Eldon Hill’s time growing up in Loyal during the Great Depression was full of challenges, but his experiences then and the assistance he received from others in the small Clark County community have remained with him.
In fact, Hill credits his early life — which included stints working at a lumber mill and salvaging scrap metal — with shaping him for a life that led to his becoming a longtime doctor who worked for much of his career in Eau Claire. Now Hill wants to give back.
Hill, 96, who now lives in Seattle, is donating $1 million via the Draper Hills Financial Literacy Fund to his alma mater, the Loyal school district, to establish a financial literacy program. On Friday, at a ceremony at the Eau Claire Golf & Country Club, he gave the first $25,000 of that total to the district, money that will pay the part-time salary of a teacher for this school year along with other costs. The Eau Claire Community Foundation will oversee the endowment.

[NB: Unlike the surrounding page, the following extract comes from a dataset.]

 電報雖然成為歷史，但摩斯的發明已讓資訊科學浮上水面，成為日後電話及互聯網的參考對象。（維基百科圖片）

“His wish is to use this as a way to pay back the Loyal community,” Hill’s oldest child, Seattle resident and Eau Claire Memorial High School alum Carter Hill, said of the donation to create a financial literacy program. “He has been forever grateful for what he learned growing up in Loyal, and this is his way to help pay that forward.”

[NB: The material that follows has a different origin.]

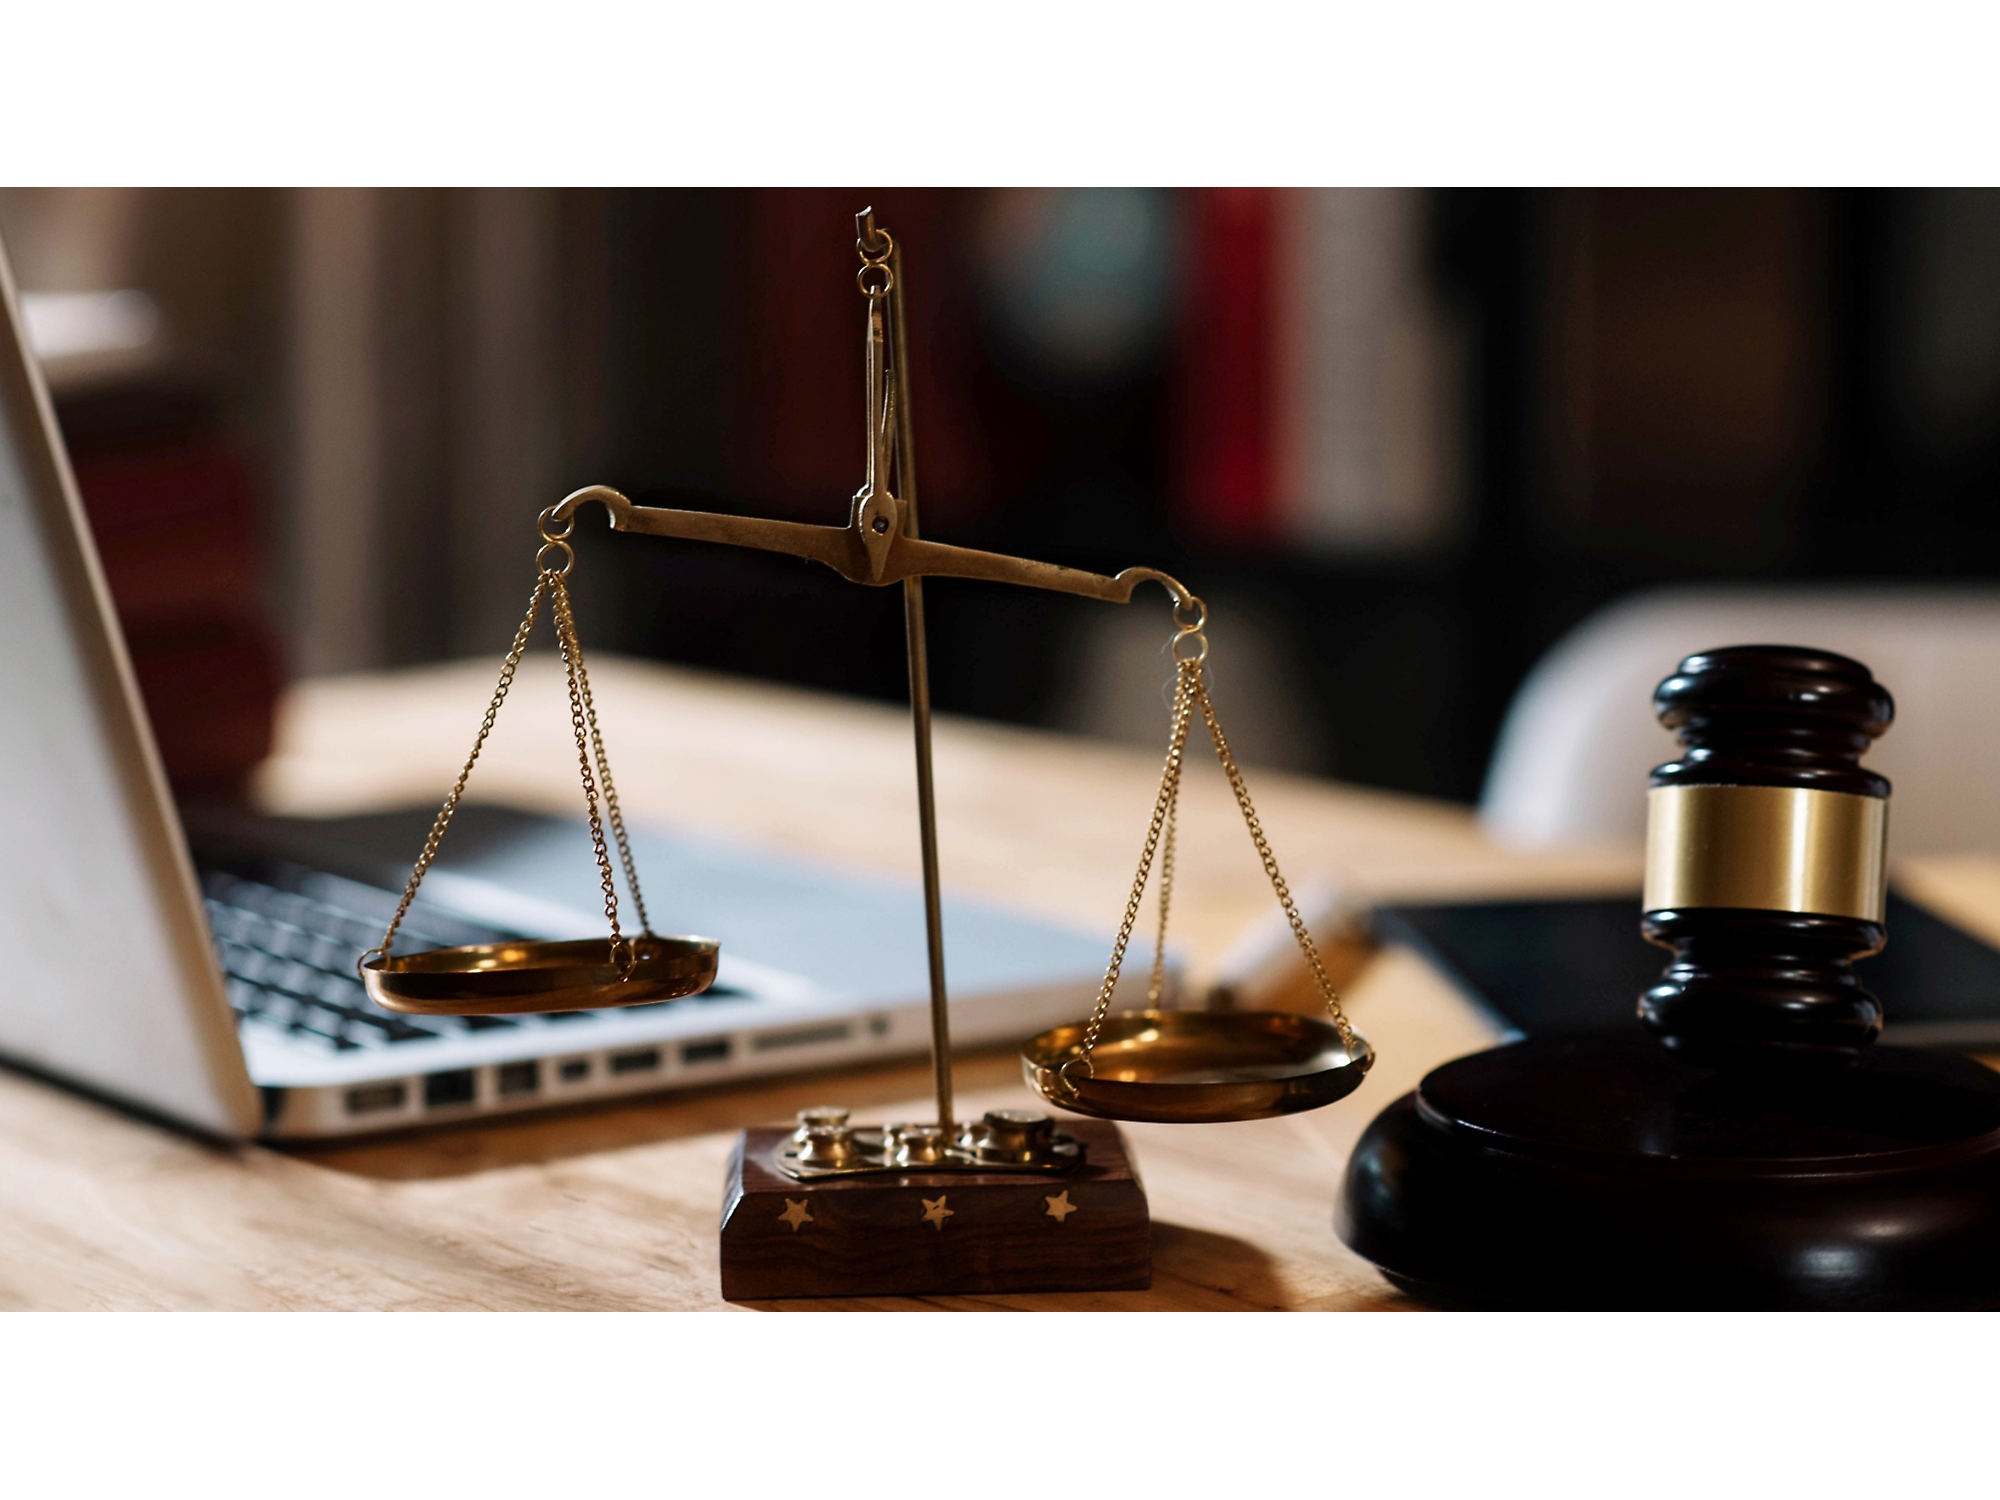 Drewniany młotek sędziego i zestaw wag na biurku z laptopem w tle, symbolizujący praktykę prawną w biurze.

The program will include Loyal students in kindergarten through 12th grade. Students will learn a variety of skills, from how to balance a checkbook to what types of insurance they should have to credit card debt. Funding for the program will grow next year to cover the costs of a full-time teacher and other program expenses.
The program could expand beyond the classroom, Carter Hill said, and could include community events intended to educate adults about various financial literacy topics.

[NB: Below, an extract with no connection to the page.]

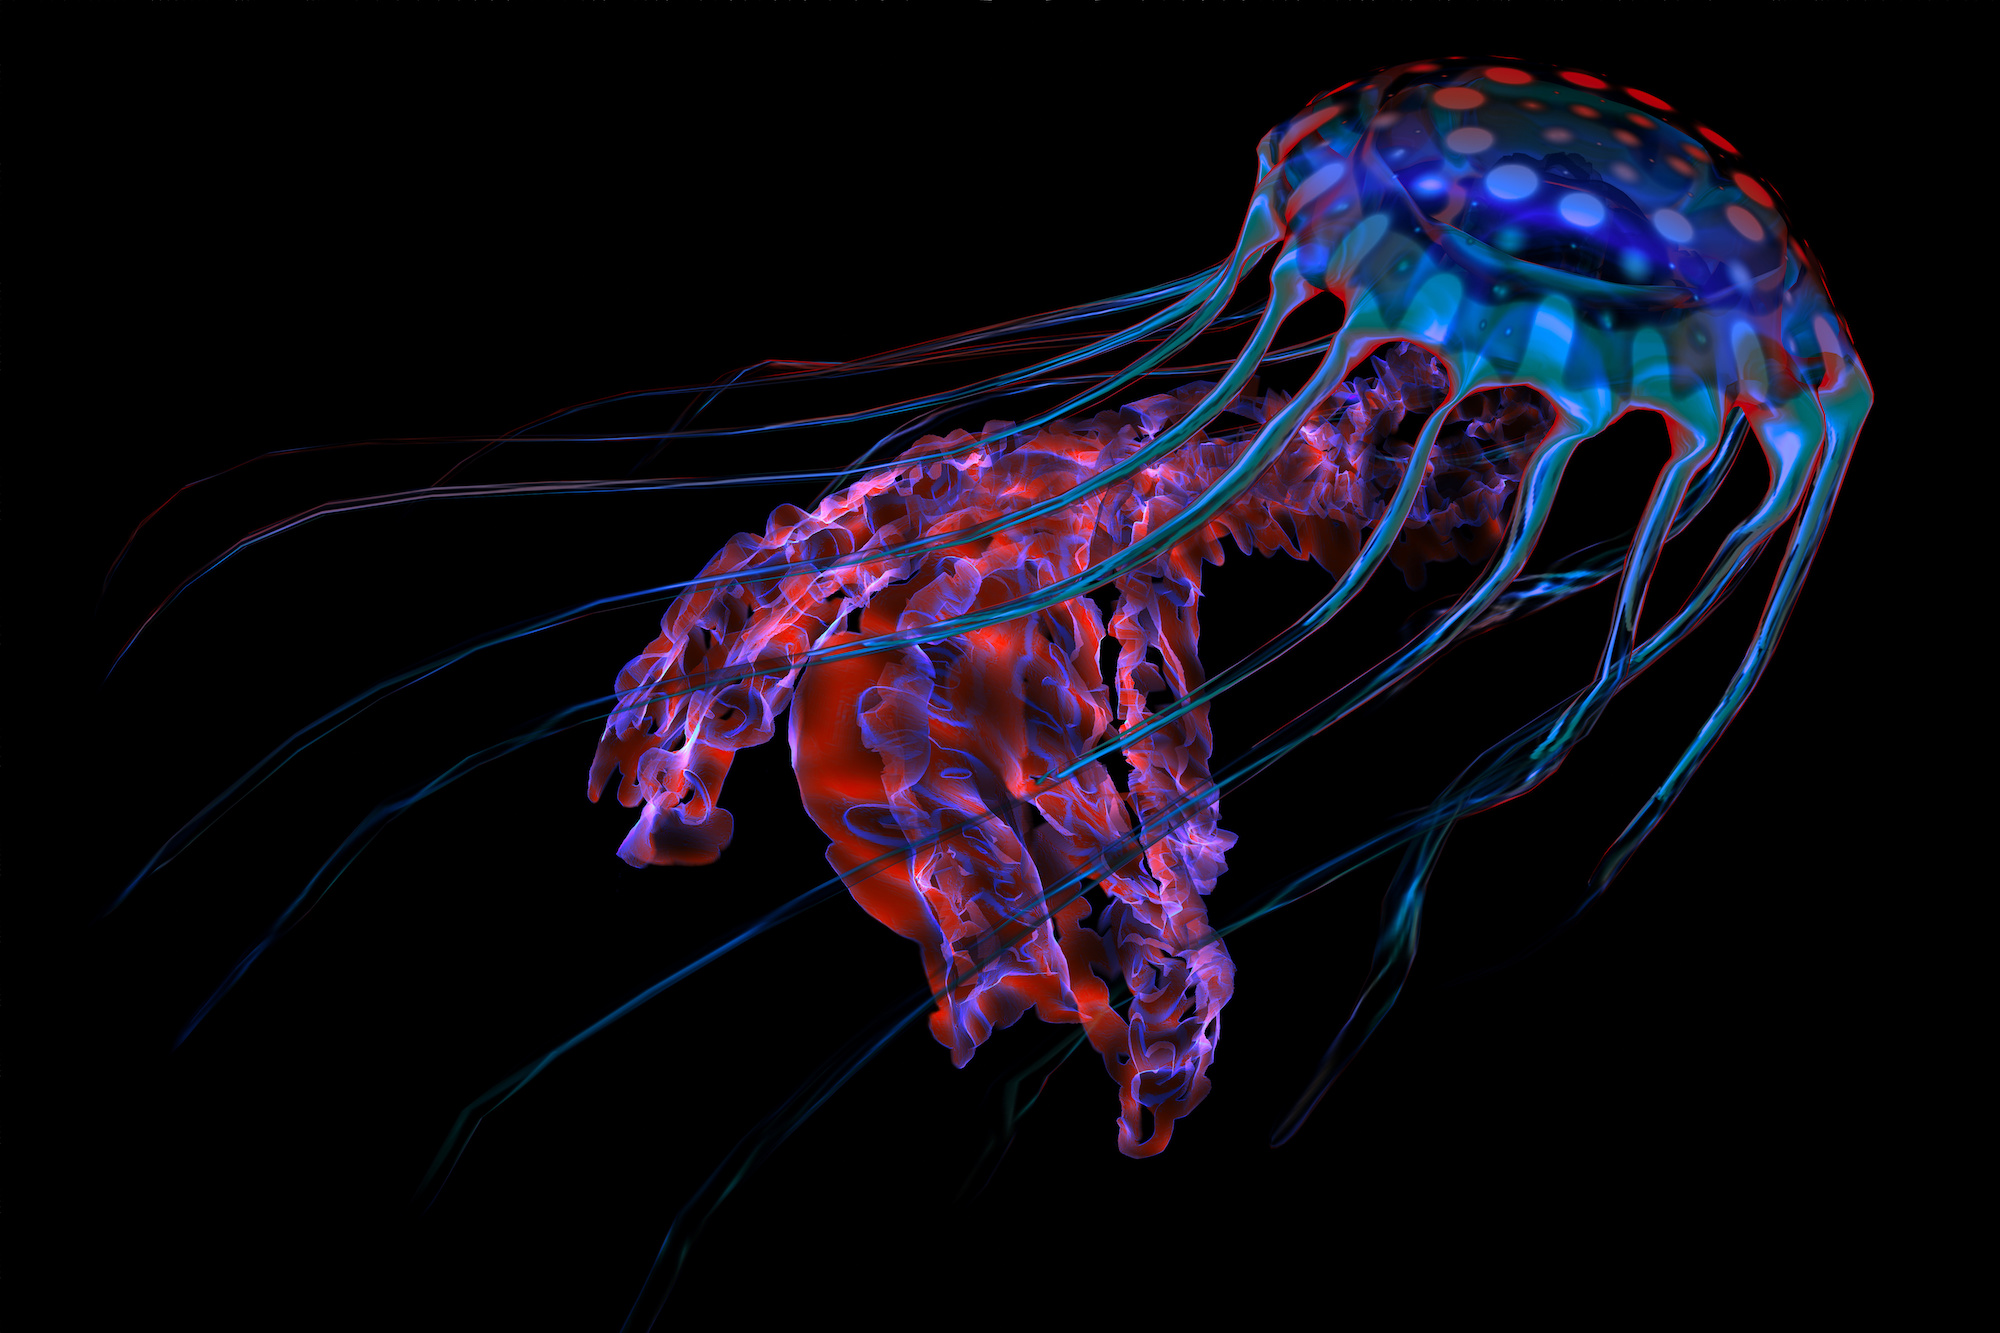 Méduse dotée de la capacité de bioluminescence. © Catmando, Adobe Stock

“He feels there is a hole in education when it comes to financial topics and teaching people about them,” Carter Hill said of his father. “So many students and others don’t understand the basics of money, even simple things like how to balance a checkbook. The idea is that teaching students those skills while they are young can allow them to make wiser decisions without having to learn them the hard way.”
While the financial literacy effort is meant to benefit Loyal school students, it has the potential to help many others, Carter Hill said. He hopes residents in other school districts help fund similar initiatives.
“This can be much bigger than the community of Loyal,” he said.
Sue Bornick, executive director of the Eau Claire Community Foundation, seconded that notion.
“What is happening in Loyal could happen anywhere,” Bornick said. “We hope this generous donation will help spur others to undertake similar efforts in their communities.”
‘For our kids’
Eldon Hill didn’t make most of his fortune working as a doctor, his son said, noting the elder Hill has increased his monetary worth tenfold since he retired at age 65. “He really made most of his money by investing wisely,” Carter Hill said, “and by making sound financial decisions. Now he wants to pass those lessons on.”
Loyal school district officials praised the donation, saying it allows them to provide an educational opportunity they wouldn’t otherwise be able to afford given state-imposed spending limits.
“In small communities like ours schools are cutting from their budgets all the time,” Loyal school board vice president Deb Roedel said. “This donation allows us to actually add to our programming, to do more for our kids.”
Loyal schools Superintendent Cale Jackson said the endowment has special meaning for a relatively small district like Loyal, which has an enrollment of about 560 students.
“This is the kind of thing I sometimes see happening in other school districts,” Jackson said. “It is a big deal for us. The impact of it is still sinking in.”
Loyal schools business education teacher Wendy Lambrecht will teach the financial literacy program, part-time this year and full-time next year and after. She said the skills the program will offer will benefit even elementary school children.
When she first heard about the program idea two years ago, Lambrecht immediately approached Jackson and told him “I want to do this.” The program fits well with her master’s degree training, she said.
“These are such important life skills we all need,” Lambrecht said.
Loyal students already benefit from previous generosity by Eldon Hill. Since 2014, two high school seniors attending four-year colleges receive $12,000 scholarships and one senior attending a two-year school receives a $5,000 scholarship, thanks to him.
Carter Hill said his father started the scholarship program in the spirit of someone who helped him pay for his first two years of college at UW-Madison. Scholarships are not based only on academic achievement but on effort as well.
“My dad wasn’t the valedictorian of his class, but he worked hard,” Carter Hill said.
After beginning to fund the scholarships — which total $93,000 so far — Eldon Hill decided he wanted to do more to help his hometown, his son said. The financial literacy endowment seems like an appropriate, meaningful way to do so, Carter Hill said.
“If we can get some young people to learn how to make smarter money decisions, we could be making a significant contribution,” he said.